Step 3: statistical language model algorithm and bi-directional matching segmentation methods cooperate, and obtain part-of-speech tagging to target character；

Step 4: extracting keyword, and keyword extraction formula: representing a document with j, represents a word in the document with i,

Tf indicates the number that a word occurs in a document；

Df indicates the document number in entire corpus containing some word；

N indicates the total number of documents in entire corpus；

From formula: as soon as the number that word occurs in a document is more, tf value is bigger, includes some in entire corpus The number of files of word is fewer, then df value is bigger, therefore the tf-df value of some word is bigger, then this word is that the probability of keyword is bigger；

Step 5: internal evaluation, the passive voice to the keyword obtained in step 4, noun, complicated noun phrase are specific The verb frequency of occurrences and technical term frequency this 5 features are assessed, and according to this 5 features, give different weight coefficients, It can be obtained whether the information content tends to Academic word, analysis index value is higher, it is considered that the information content is more valuable Value.

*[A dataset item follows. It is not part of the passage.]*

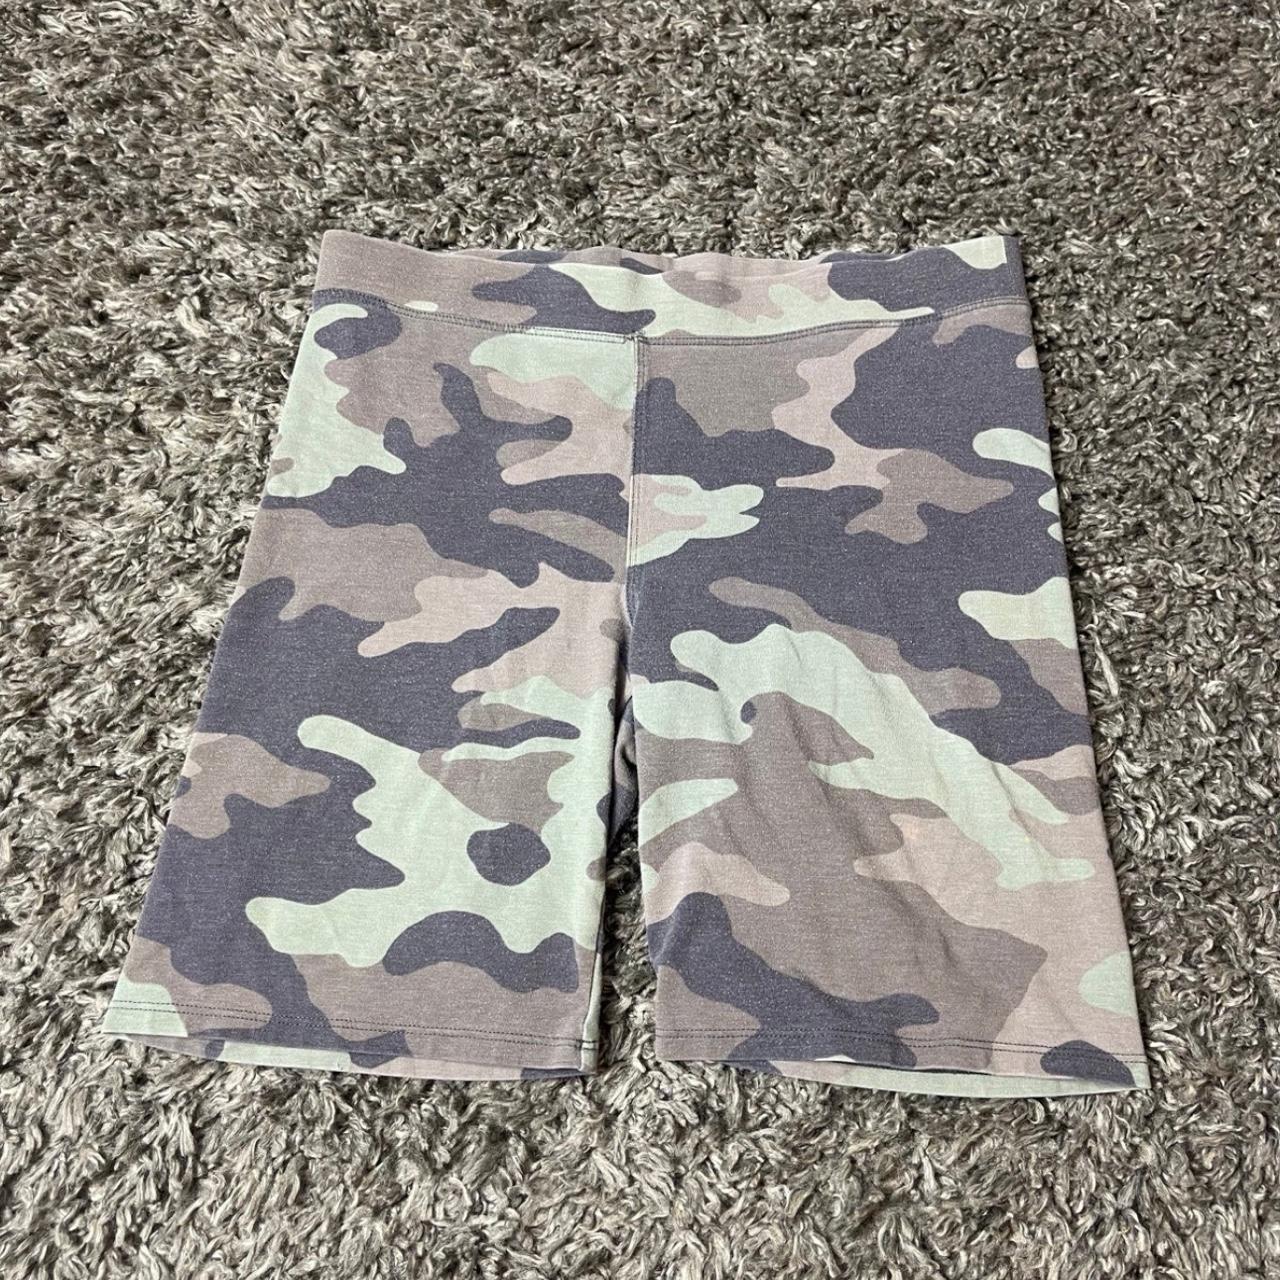 Gymshark pink camo shorts. Size small. Great - Depop

2. the intelligent information assessment and marketing system according to claim 1 based on statistical language model algorithm, feature Be: in step 1, setting current word is only related to a word before it, and calculation formula can simplify are as follows:

Using above formula, the probability that any one word occurs after another word can be counted, accuracy depends on statistics Size.

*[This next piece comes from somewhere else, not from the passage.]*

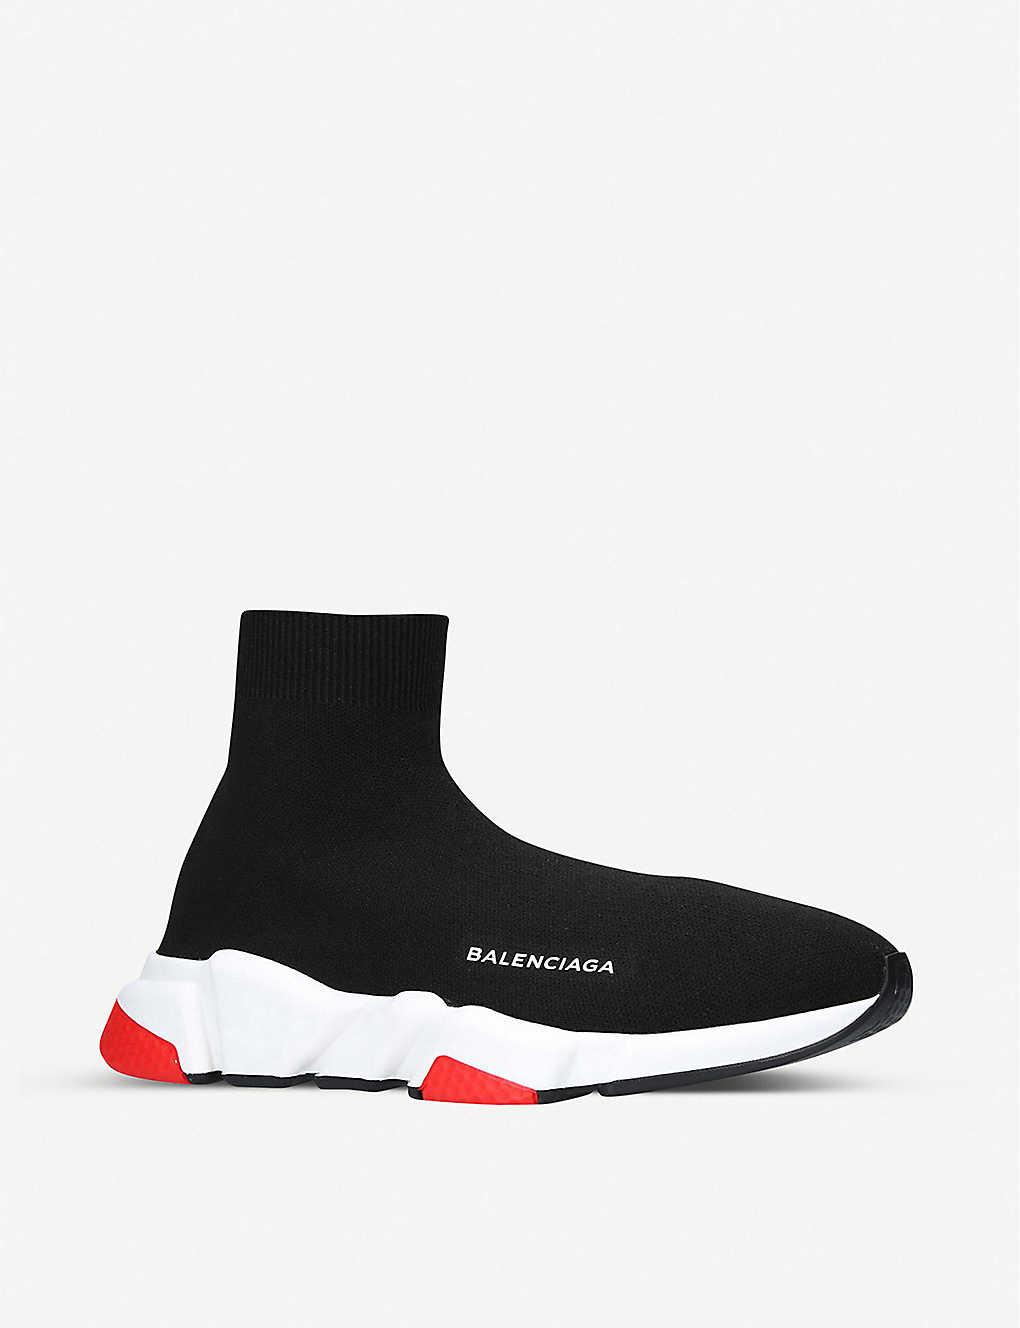 Balenciaga Synthetic Speed Stretch-knit Trainers in Black/Red/White ...

3. the intelligent information assessment and marketing system according to claim 1 based on statistical language model algorithm, feature It is: in step 2, Forward Maximum Method algorithm principle:

1) from left to right using m character of sentence to be slit as matching character, m is the length of longest entry in initial dictionary.；

2) character is matched with element in dictionary；

If 3) successful match, come out this character as a word segmentation；

If 4) matching is unsuccessful, the last character of this character is removed, then is matched, is repeated the above process, it is known that Cutting is completely until a text；

Reverse maximum matching algorithm principle is similar with Forward Maximum Method algorithm principle, the difference is that by scanning direction become from The right side is turned left, and when matching unsuccessful, removes leftmost character: two-way maximum matching method is point for obtaining Forward Maximum Method method The result that word result and reverse maximum matching method obtain is compared, to determine correct segmenting method.

4. the intelligent information assessment and marketing system according to claim 1 based on statistical language model algorithm, feature Be: further including step 6: external assessment duplicate checking, external assessment is mainly the assessment of information content duplicate checking, if the information of publication It is seen everywhere on the internet, then this information itself is nugatory.